Trevor: Another article I came across had the audacity to say, “By considering factors such as your interests, travel dates, and budget, JourneyGenie creates optimized itineraries, suggests the best routes, and provides real-time travel information, making your journey seamless and stress-free.”

Prompt: What an A.I. travel agent would think the perfect beach looked like.

I prompted JourneyGenie for a three day family holiday in Siem Reap that gave no consideration that children might not want to eat dinner at 830pm on arrival day (let alone any day). Day 2 gave a vague suggestion that was essentially useless (Tonle Sap lake), gave a time-wasting suggesting to do the Angkor zip line today instead of yesterday when we were at Angkor Wat in the morning, and then suggested a closed restaurant for dinner. 

SCOTT: There are a host of these out there that recommend, give maps, manage your money, etc. A Travel Massif piece recently had a bunch of apps that can help you plan and decide via videos/photos, put you in touch with travel planners, map out the tripo, etc, but I think this stuff will get you started and dreaming but that’s where it will top out for a bit. There’s going to have to be a massive breakthrough in this and it’s likely going to be a Google or Microsoft that can do it but it will take time. Again boring travelers to the main stuff to make an instagram – yes.

Trevor: All that said, I’d argue AI could be better than humans. Take Patong, not in the top 50 of Thailand IMO. An AI travel app could refine your perfect beach search. “An isolated beach with pristine white sand on an island with no cars. A resort within walking distance to a variety of bars and restaurants that has a private beach where the water offshore is deep, clean, and offers excellent snorkeling.” Maybe that would steer you to Phayam instead of Patong. AI has a lot of data at it’s disposal, so I bet it could get real good at this really quickly. Most likely as A TOOL FOR PROFESSIONALS more so than a replacement of them –not that a lot of travel “professionals” know that much about the destinations they’re selling either.  

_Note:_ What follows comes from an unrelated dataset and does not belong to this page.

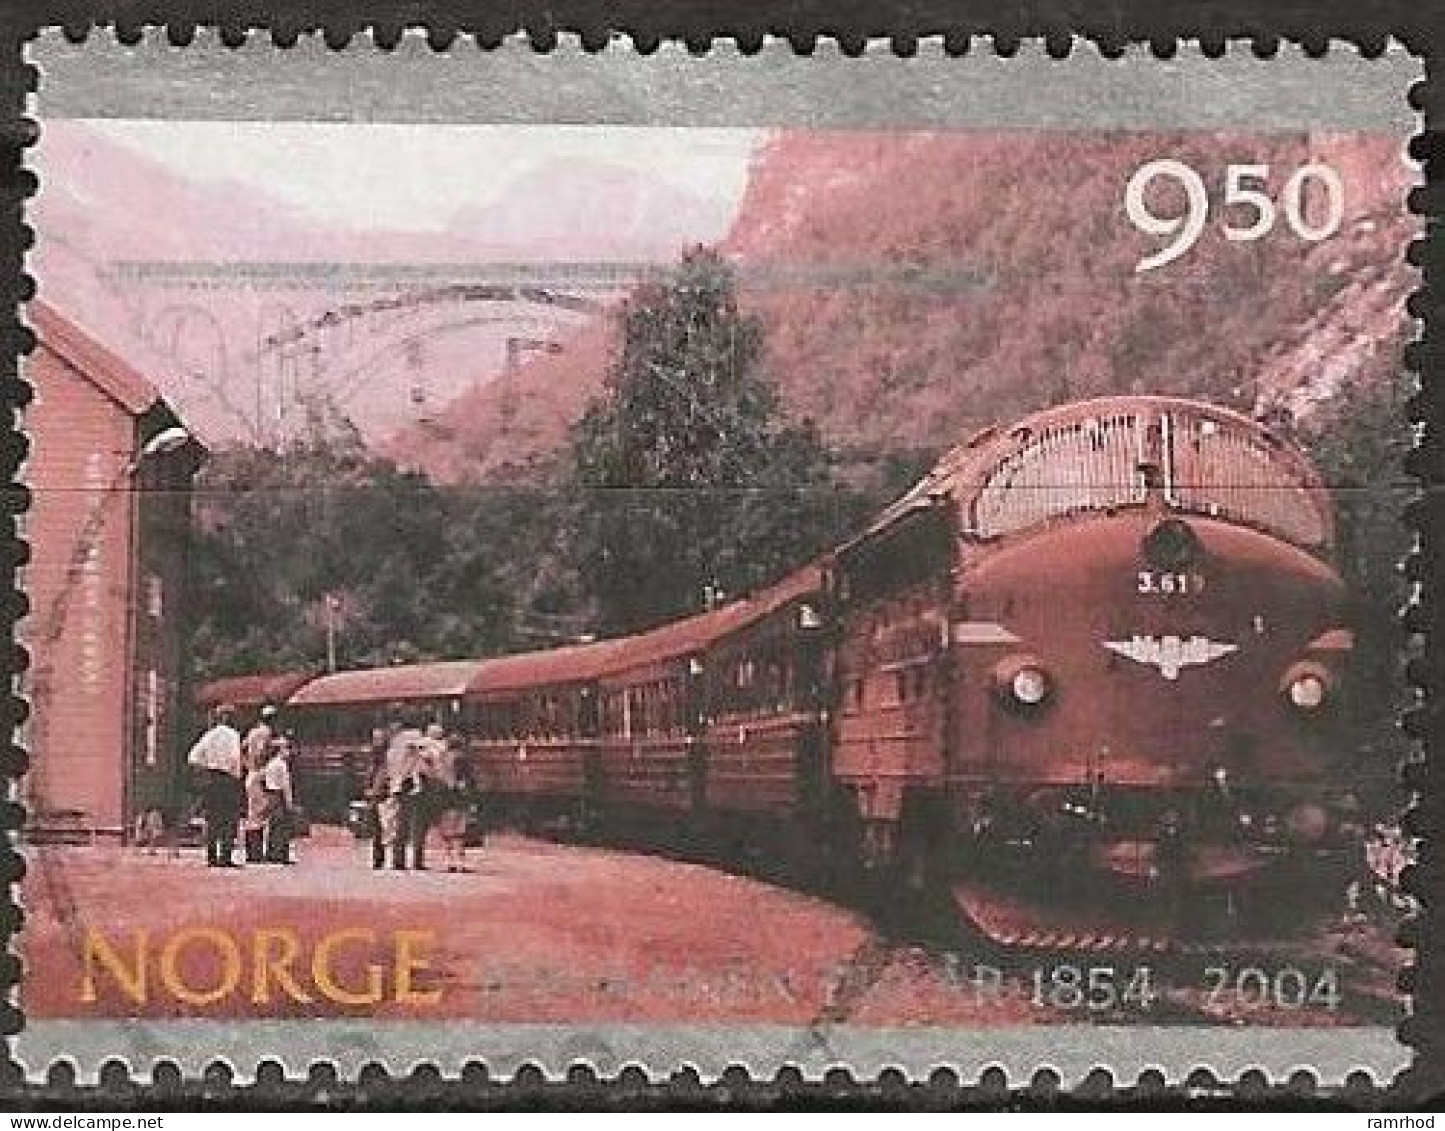 NORWAY 2004 150th Anniversary Of Norwegian Railways - 9k.50 - Early Diesel Locomotive, Flatmark Halt FU - Used Stamps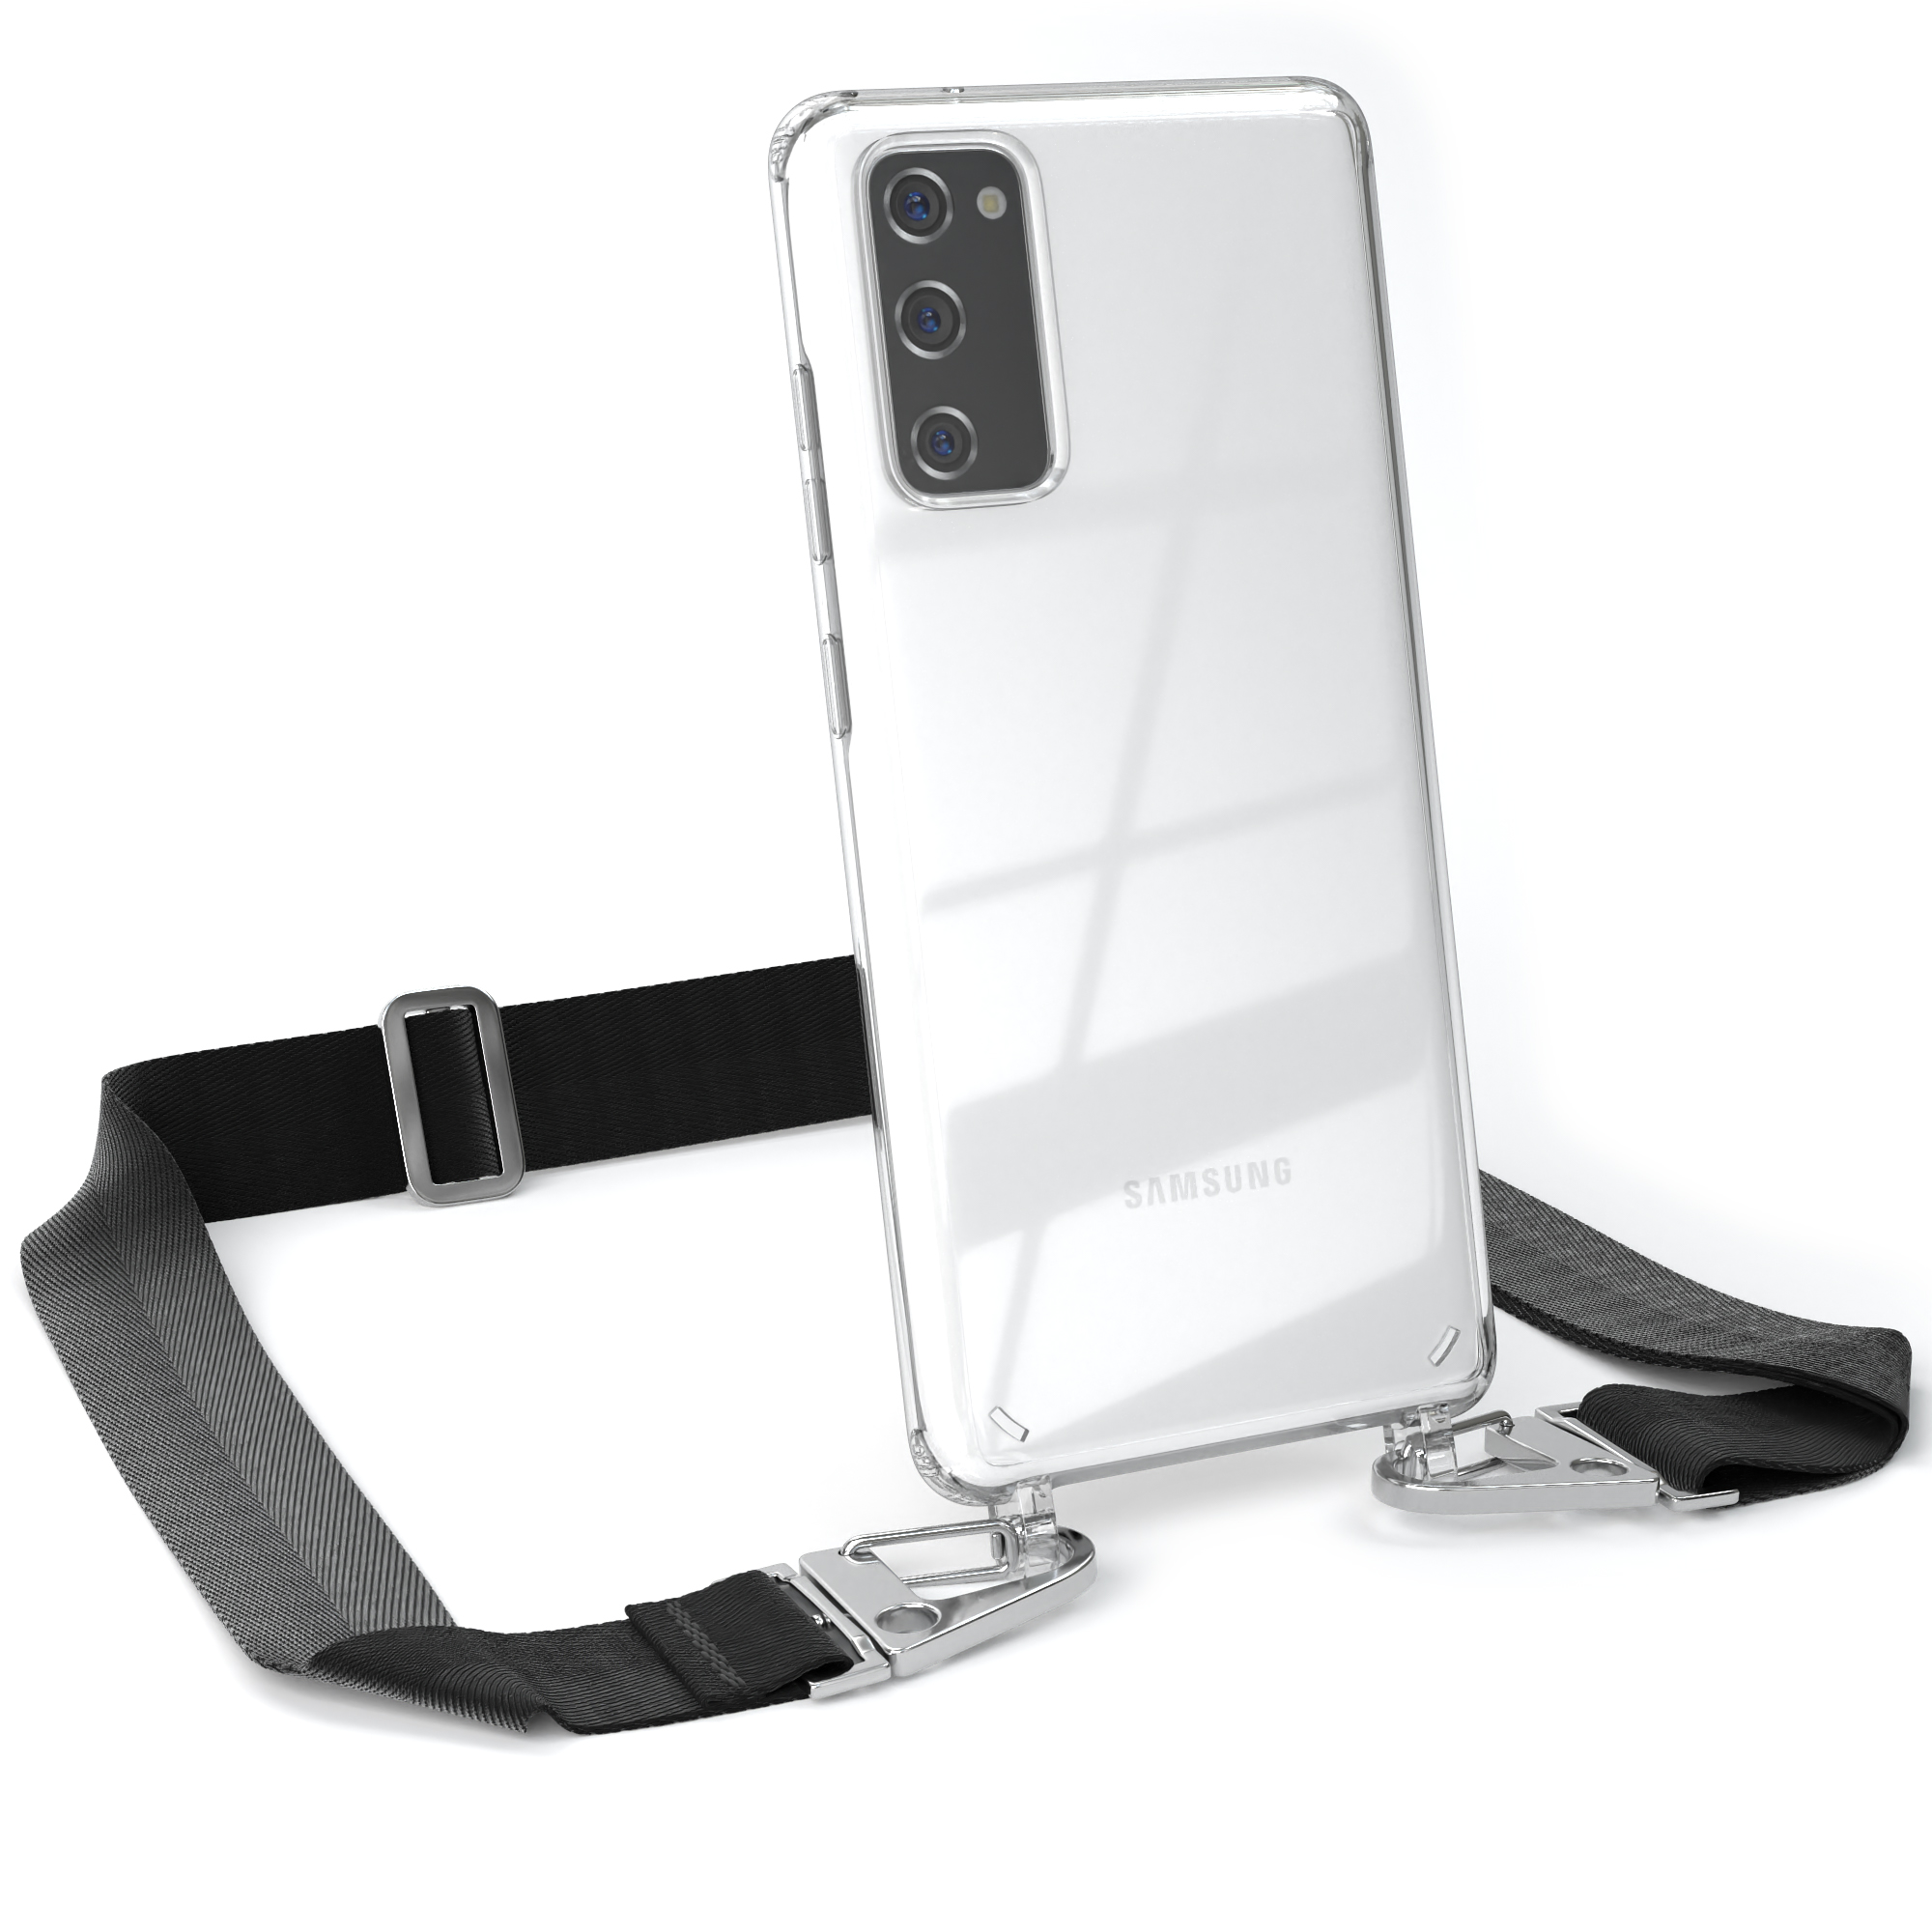 EAZY CASE Transparente Handyhülle Galaxy Umhängetasche, + Samsung, Schwarz / Silber S20, mit breiter Kordel Karabiner

A.I. prompt: “A person using A.I. on their smart phone to plan a vacation”

3. AI as A TOOL FOR PROFESSIONALS

Could AI Replace Travel Agents? Erika Richter, VP of Communications & Marketing at the American Society of Travel Advisors says in another article we discovered (LINK).

“If you want a top 10 list of things to do or places to stay, it can spit out those answers for you. But can it tell you which of those experiences are actually authentic?” Richter says.

Trevor: this one shocked me. According to a Forbes article, “More and more client transactions are taking place via chatbot. According to a TIDIO study… “Sixty-two percent admitted that they prefer to use an online chatbot service because it quickly can help them instead of waiting for an actual customer service representative to take their call.”

Now I hate waiting and I hate talking on the phone, but i have NEVER had a bot ever come close to any answer I’ve ever needed. Granted maybe ChatGPT is better (it’s unavailable in Cambodia), but I doubt it. I HATE chat bots. They just run you in circles.

SCOTT: As mentioned for the standard stuff – I think this is going to get a lot of people with standard charges for bookings, etc. But then again, people can google and book 90% on their own so an app or AI is going to have to have something compelling well beyond this to draw revenue. Let’s remember revenue will ultimately be needed to improve apps, their capability and AI’s.

Trevor: Maybe it’s good for people who want a standard, I’m going to Singapore for a long weekend and I’ve never been there: what are the things to do: I mean, most people are happy to do what everyone else does, no matter what they say. People ask me advice all the time but, ultimately, they just line up with the other sheep 99 times out of 100 when they tell me what they did afterwards. Maybe AI is great for herding the masses.